Cornell had forgotten, as well, what it was like to share his life with another person as the norm and not the exception. His daughter Stephanie was the exception. She flew in from Ann Arbor to see her father dutifully once, sometimes twice a year. And sometimes his grown granddaughters — Stephanie’s two girls — dropped in for visits (with or without their husbands), when they could be conveniently appended to New England ski trips. And there were friends and neighbors who came by to see Cornell in his musty Victorian on South Willard, and whom he went to see, including one family in particular — the Ludviks — who lived a few blocks away and had been having him over for Sunday dinner every week for nearly a year.

Cornell liked his life in Burlington. It was cold in the winter, and that was okay. (“As my blood gets thinner, I don’t touch the thermostat; I just throw on a heavier sweater.”) He liked walking along the lake. He even liked the radical politics of the town and happily stuffed envelopes for Bernie Sanders. More recently, he’d marched with the anti-Gulf War protesters, carrying a sign that said “No War for Oil,” when the one first handed to him, the overly prolix “Kuwait: Give Your Women the Vote and Maybe We’ll Feel Better About Saving Your Ass!” didn’t quite seem to hit the mark.

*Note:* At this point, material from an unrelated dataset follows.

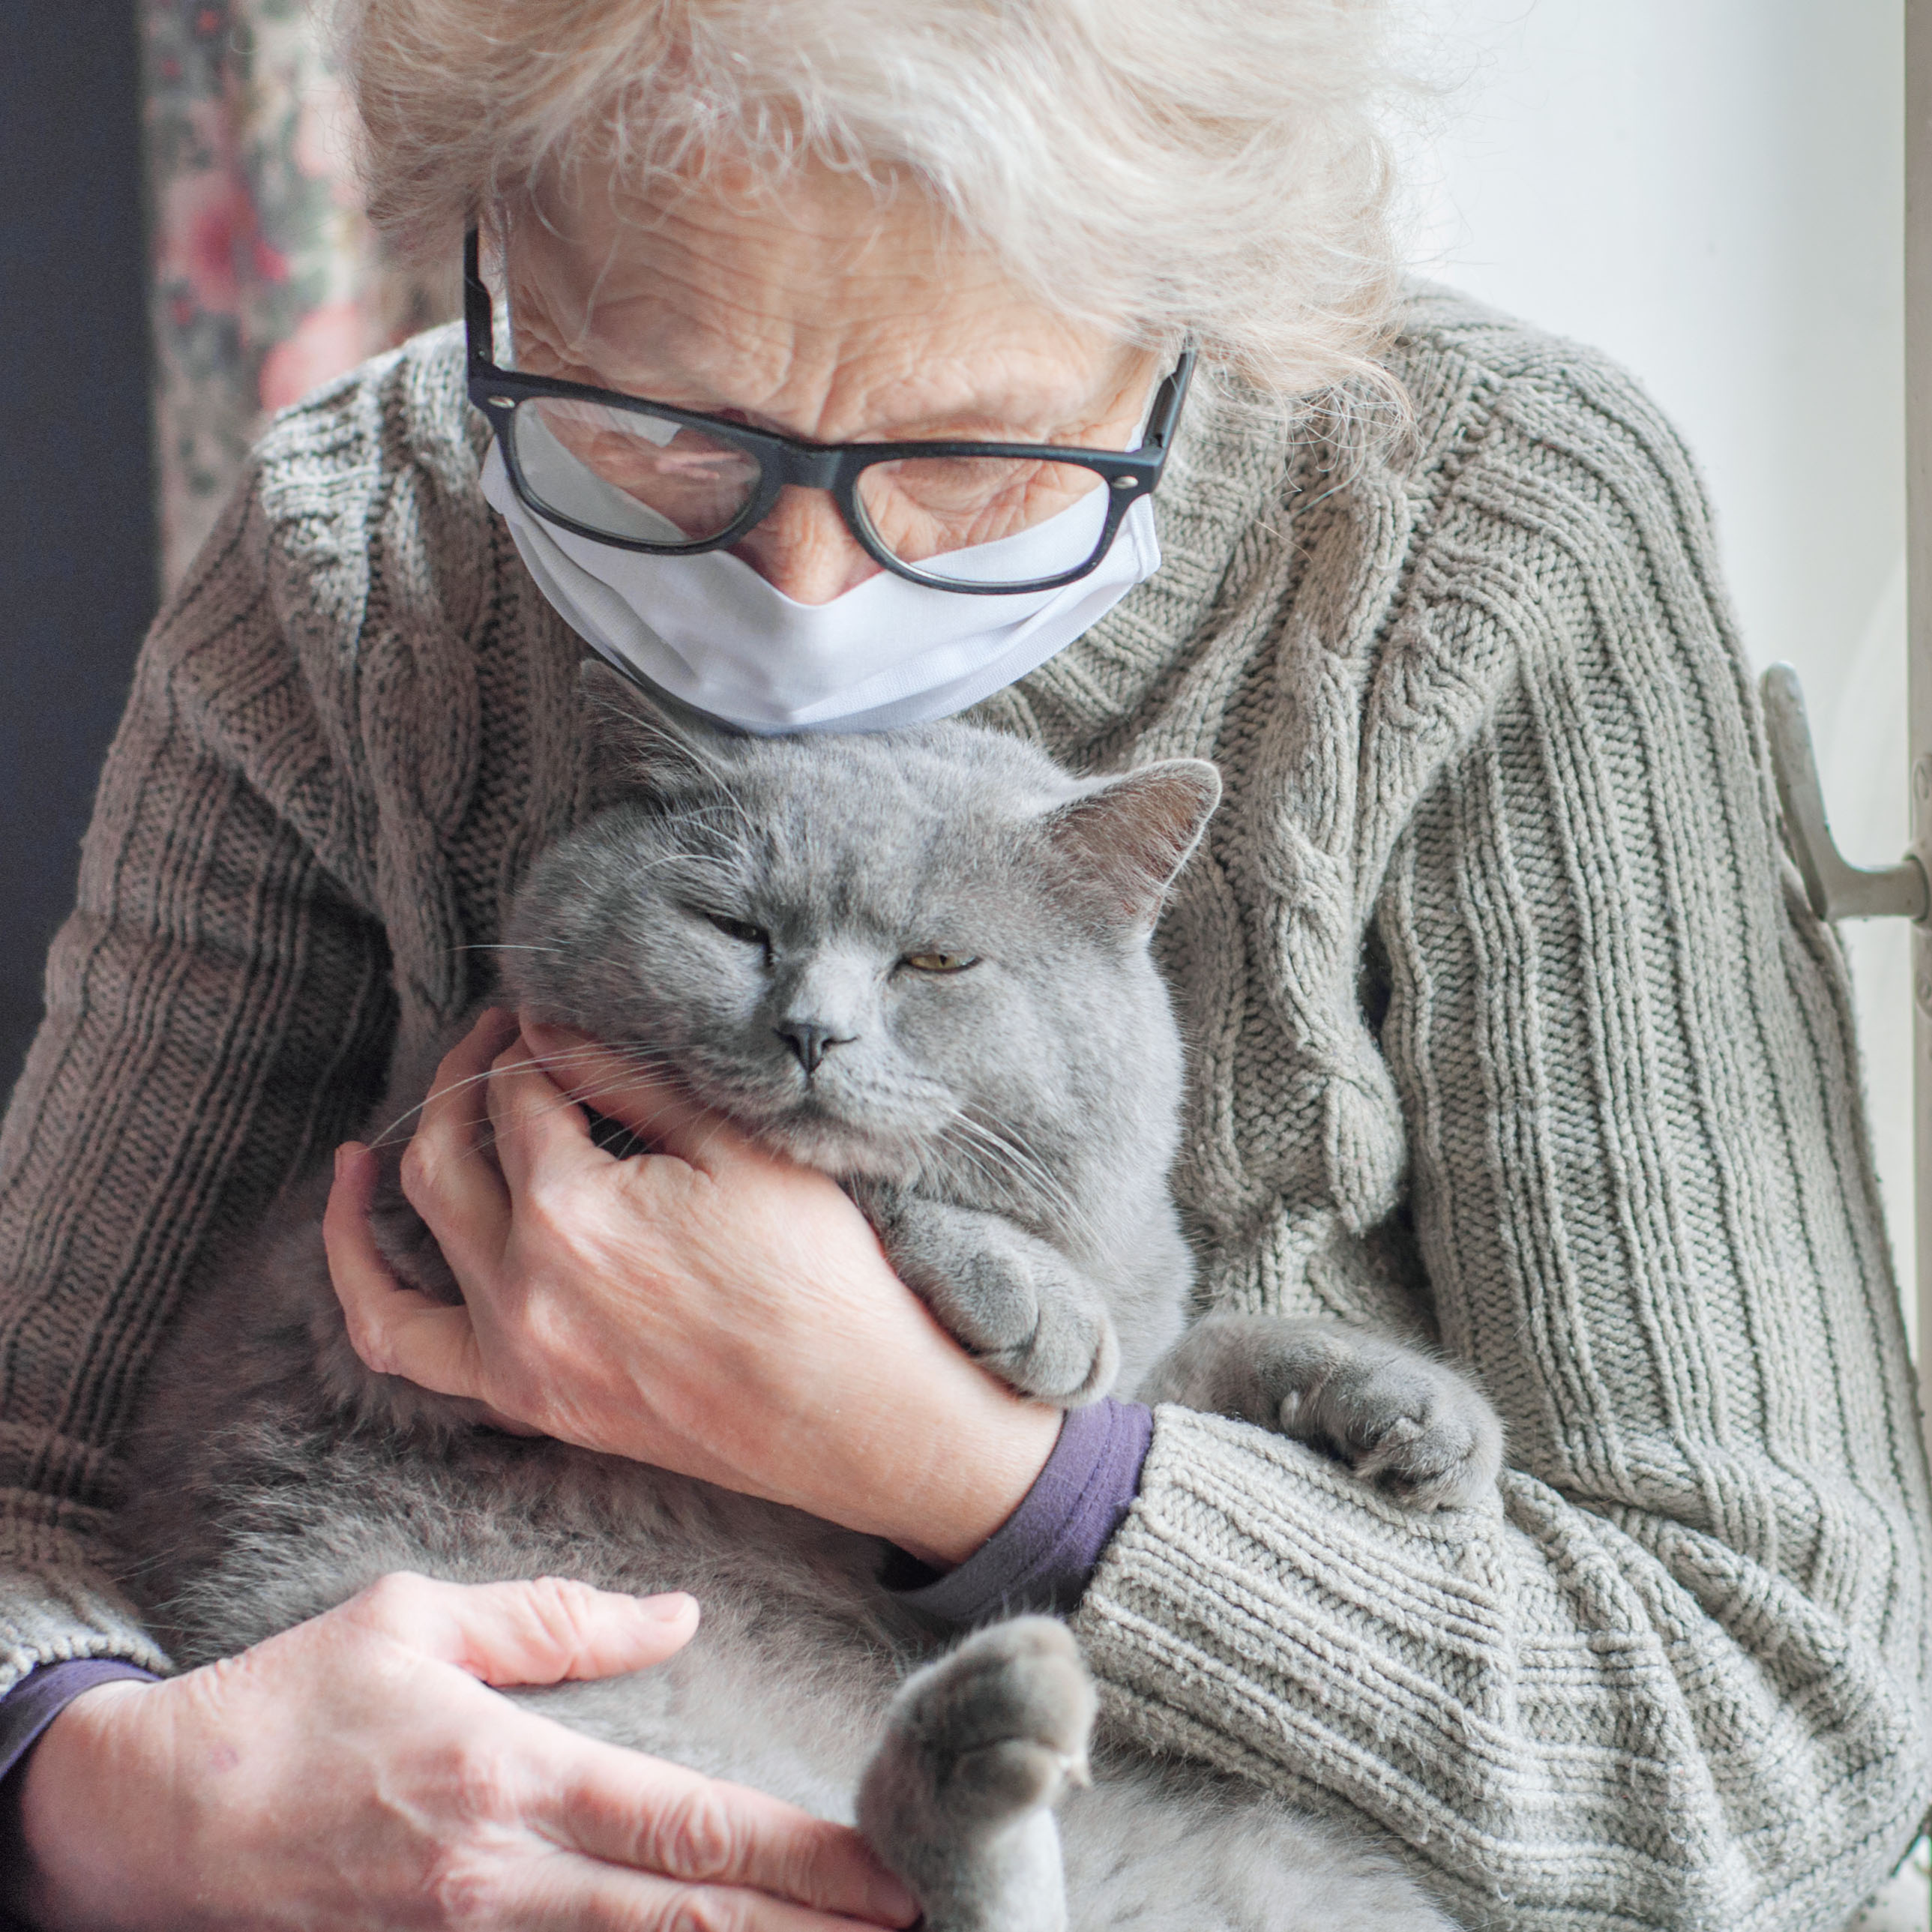 older person and cat-shutterstock_1867882090_web.jpg

A former high school principal, Cornell had been in retirement mode for almost two decades, the comfortable pace of his life needing very little adjustment as he aged. Retirement suited him. Burlington suited him. What he missed, even as his libido had waned, was sex.

The power and passion of male/female coupling — it had long stopped being a component of his sensual life. Cornell’s sensual life was in his tastebuds now. It manifested in the goose bumps he sometimes got when he listened to Mozart’s symphonies and Bach’s Brandenburg concertos. It beheld the rutilant sky of twilight, set against the shimmering turquoise of Lake Champlain, with feelings of warmth and peace and quiet joy. Everything was sensory and above the waist now, none of it seated in the gonads.

And yet sexual longing in Cornell Rodgers, voiceless now and largely rudderless, still maintained a pulse.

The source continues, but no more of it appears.